關起車門來,莫瑾無聲卻又誇張地給他豎了一個大拇指,莫離則是問道:“他好歹也算是你的長輩,殿下難道不怕其他宗親指責你目無尊長麼?”
皇甫絕淩側身斜倚在車窗邊,神情帶着些許桀骜,淡然回應:“怕什麼?我為何要在意他們的閑言碎語,隻要我的至親至交知曉我的品性,這便夠了,至于其他人?管他呢!”
“倘若有人偏信他人的讒言呢?”
“那也隻能說他們尚無資格立于我身側。”
莫離沉思片刻,随即揚唇一笑:“殿下還當真是别具一格啊,世人大多畏懼他人之言,殿下卻能活得這般透徹。”
“不錯不錯,我欣賞你。”莫瑾也稱贊道。
皇甫絕淩受此誇獎,略感羞澀,握拳抵唇輕咳一聲,身子坐正了些。
就算沒有這場大雨,莫離也有在兆豐郡停留的打算,此處是他們前往南衛國都麗陽途中,離許城最近的一個地點。

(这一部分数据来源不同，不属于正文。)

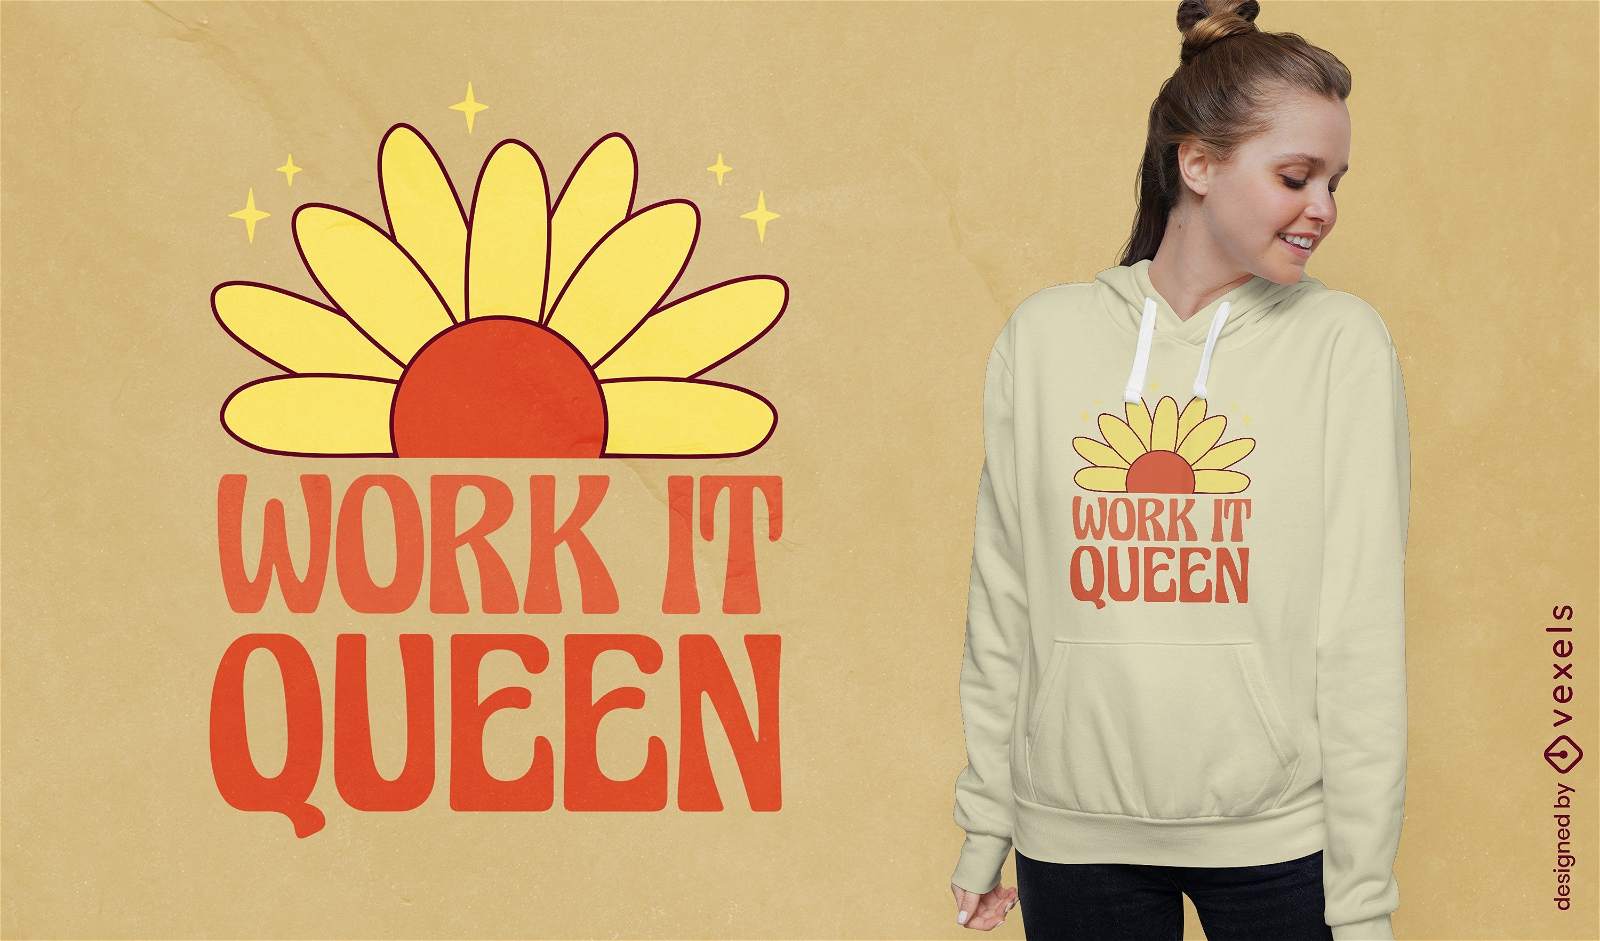 Work it queen dise?o de camiseta de cita feminista

她先前調查的神秘寶匣,據說最後出現的地方就是洛州許城,許城是南衛邊界的城池,世代由定安侯看守,自出事後,許城便一直嚴進嚴出,盤查嚴格。
她的通關文牒是僞造的,怕經不起盤查,本想通過其他方式入城,但既然有皇甫絕淩在,事情就簡單了很多,她請他向兆豐郡郡守借份貨真價實的通關文牒,皇甫絕淩一口應下,然後要了兩份。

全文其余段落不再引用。